Pero es “Reclusión voluntaria” lo mejor del libro. Con muchas reminiscencias (realmente muchas) con lo mejor de Borges, sobre todo con el contacto con la literatura de fantasía; el cuento sobresale por dos factores fundamentales (que también remiten a Mister King): la memoria y el laberinto. El escritor apócrifo creado para contar una historia que no sabe si vale la pena, nos regala una narración en la que su vida pasada es la que trata de obtener algún tipo de resguardo. En el medio está la conciencia de que la palabra es tan enredada como los acontecimientos que trata de explicar. Un par de hermanos, uno con algo de autismo, se enfrentan a lo que no tiene explicación y al final sólo hay un cierre, porque algo debe pasar.
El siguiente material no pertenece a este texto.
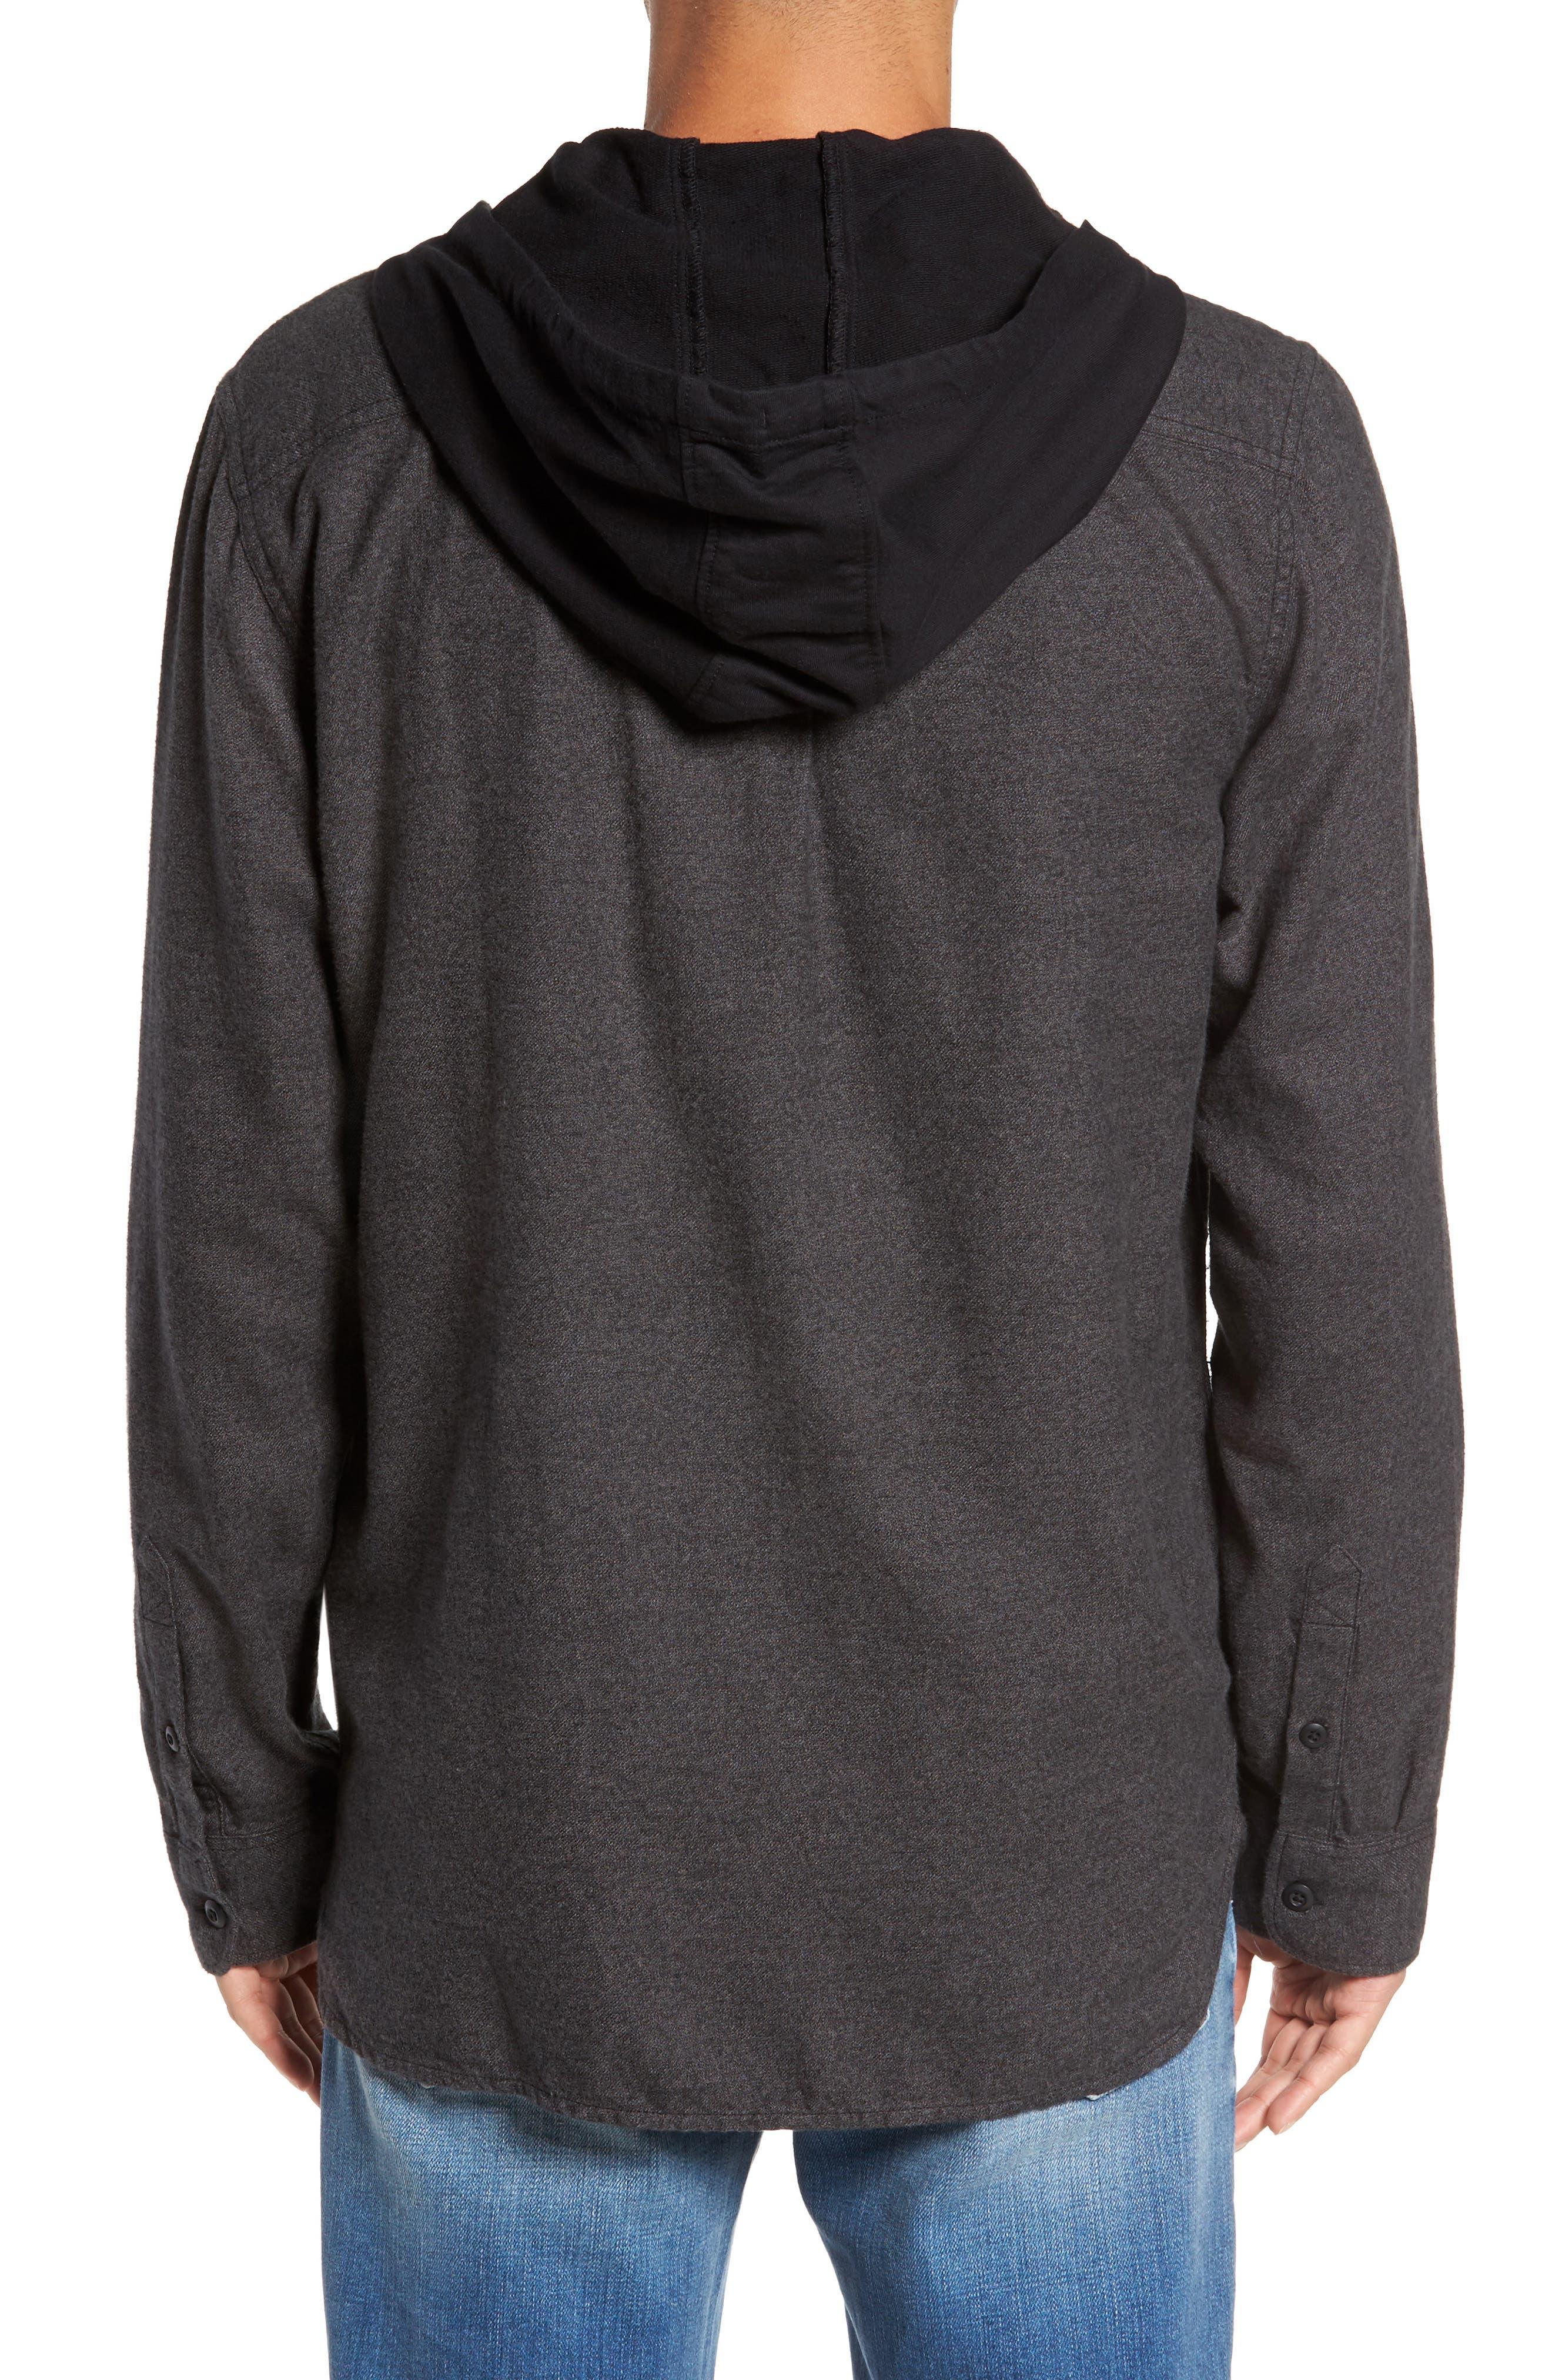 Alternate Image 2  - Vans Never Mind Hooded Zip Shirt Jacket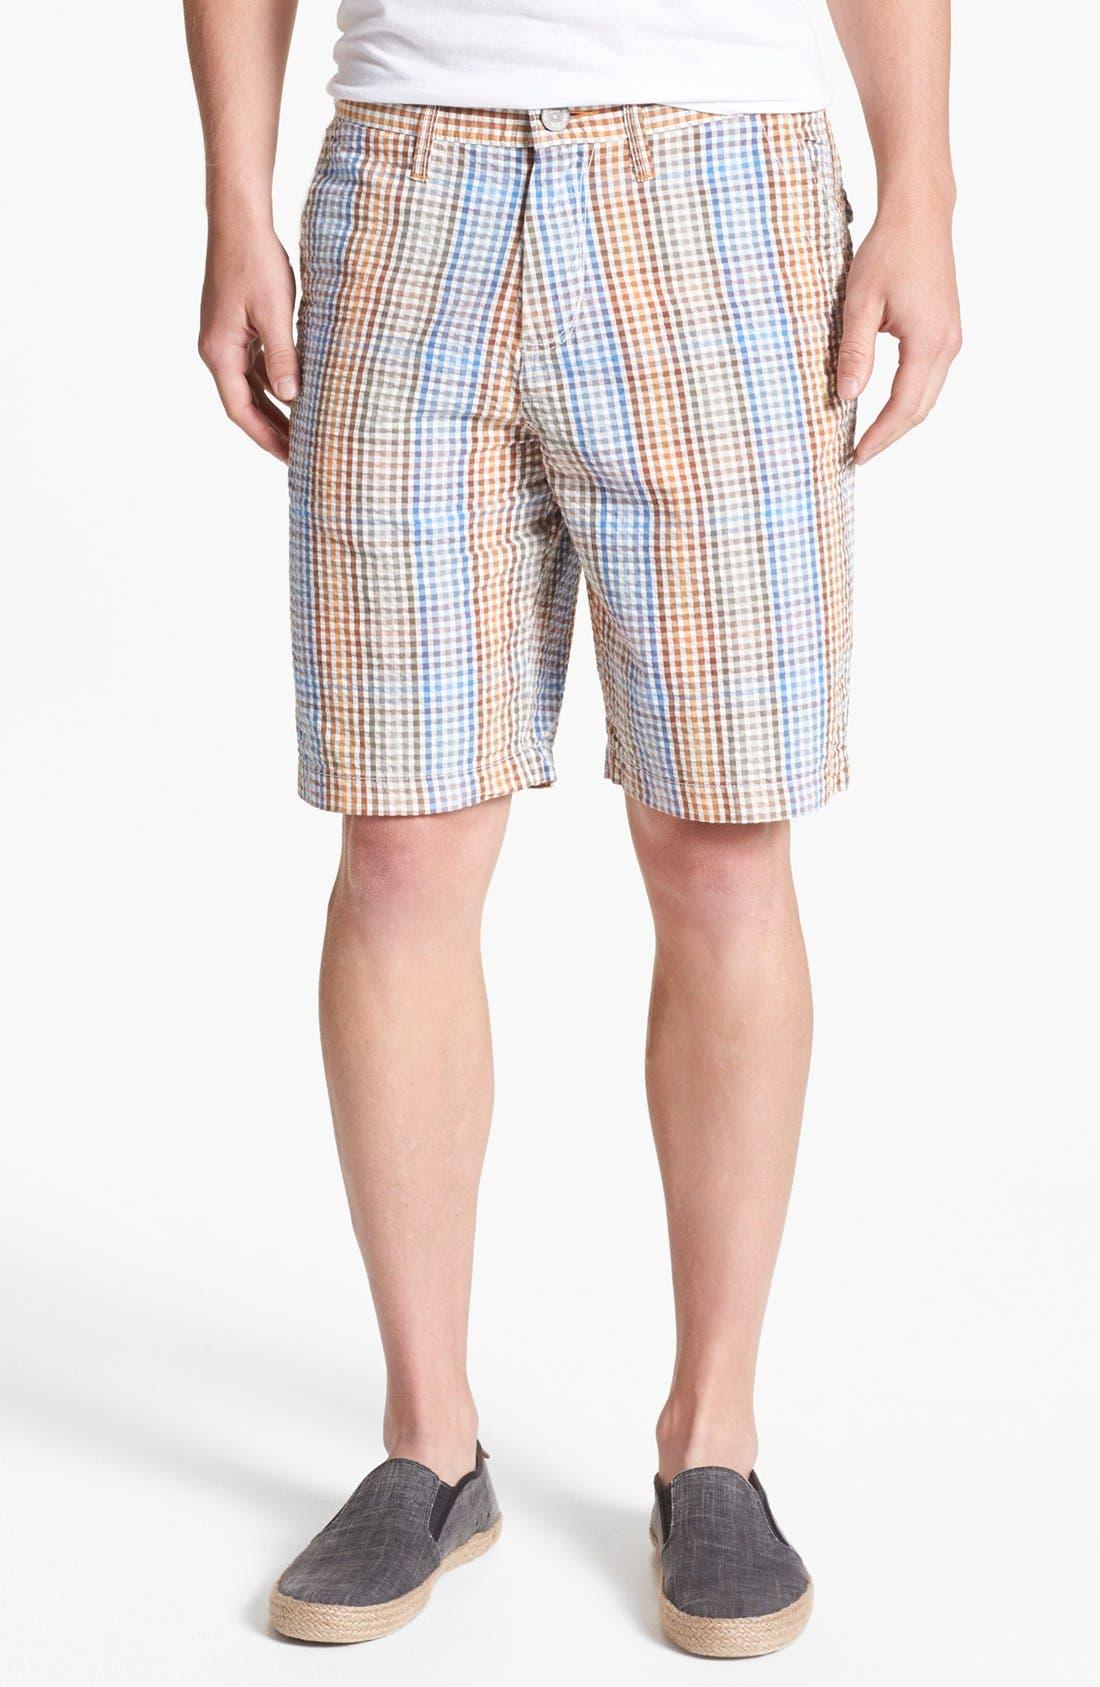 Alternate Image 1 Selected - Tommy Bahama Denim 'Reef Ridge' Seersucker Shorts

Joe Hill ha recibido como esponja lo que su padre ha hecho y lo toma, lo continúa. Hace un homenaje a esos temas que siempre son recurrentes, se los apropia y los dota de una actualidad que pasma. Lo cuenta con oraciones cortas, claras y directas. Describe lo necesario (que siempre es mucho y adecuado) y crea personajes que parecen comunes, cercanos, que soportan una carga que no pueden resistir. “Fantasmas”, para los amantes del género es algo imperdible; para los que sólo disfrutan de leer, pues es una experiencia válida. Nada más que eso.